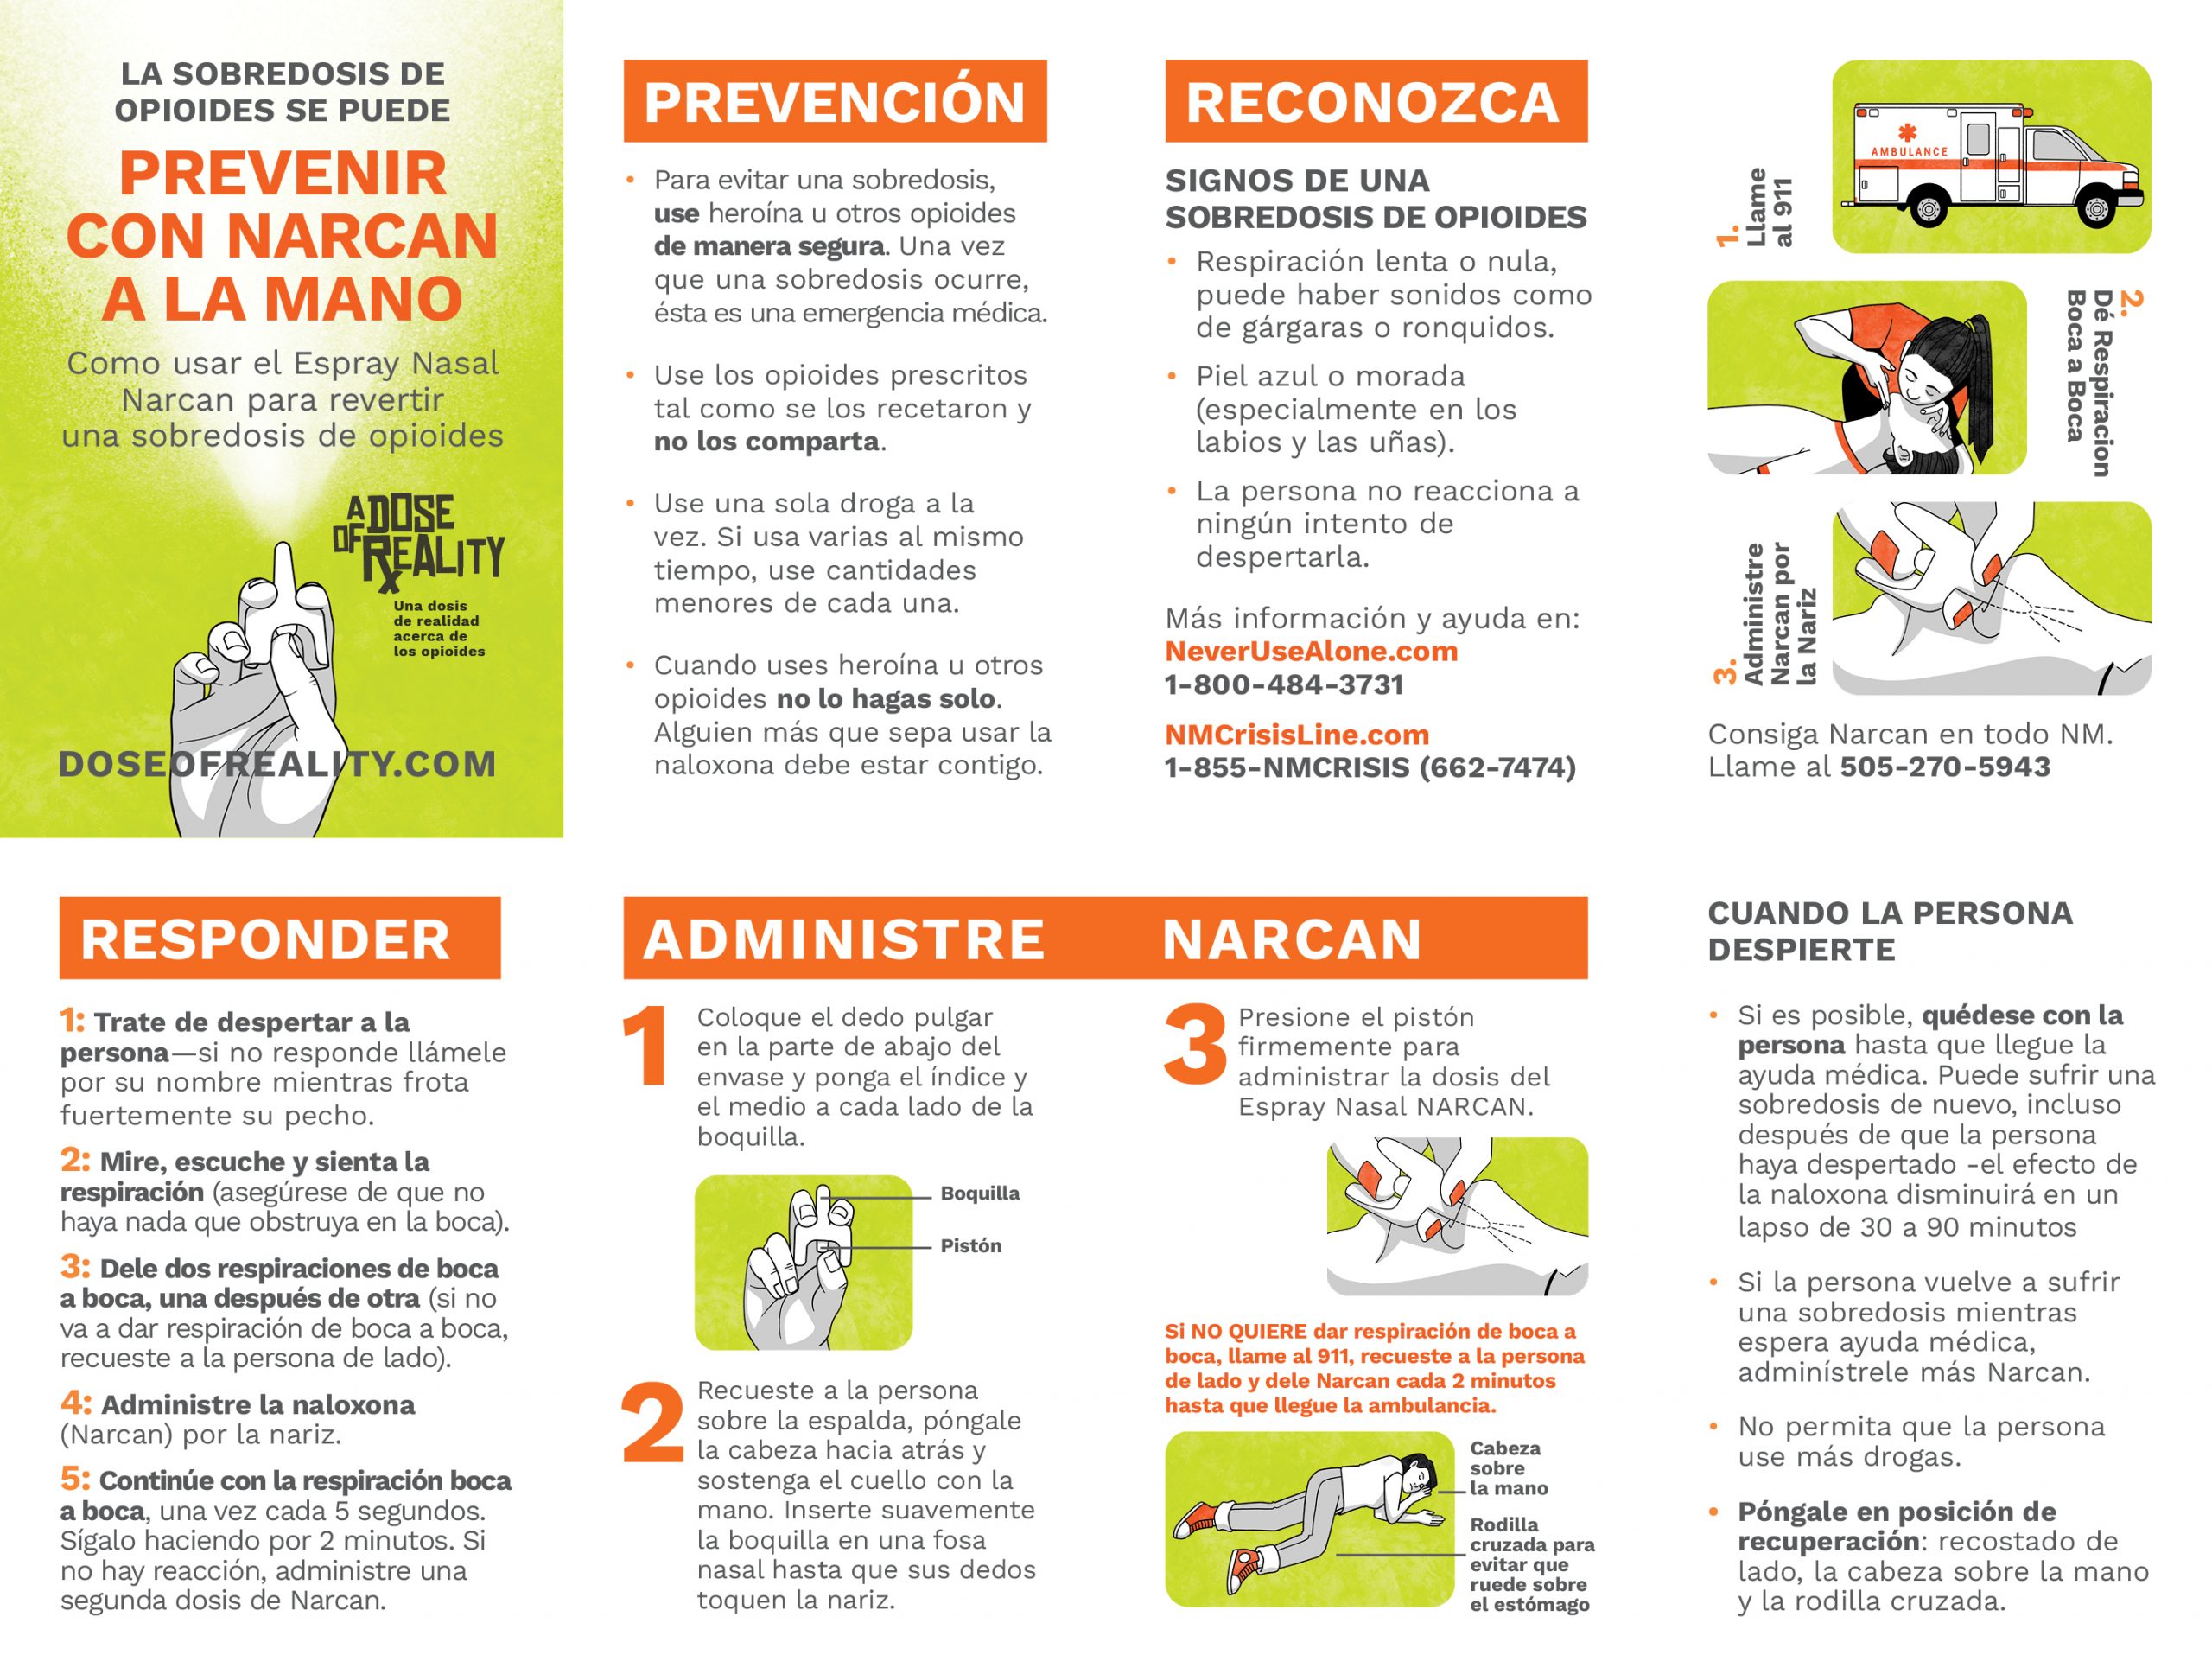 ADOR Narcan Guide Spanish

==

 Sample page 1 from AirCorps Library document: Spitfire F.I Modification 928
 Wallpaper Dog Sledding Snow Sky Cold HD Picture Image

## WHAT THE TASK REQUIRES
Reproduce exactly, and with no other material, the lines between those holding "Sample page 1" and "Wallpaper Dog Sledding", inclusive.

## RESPONSE BELOW
 Sample page 1 from AirCorps Library document: Spitfire F.I Modification 928
 Wallpaper Dog Sledding Snow Sky Cold HD Picture Image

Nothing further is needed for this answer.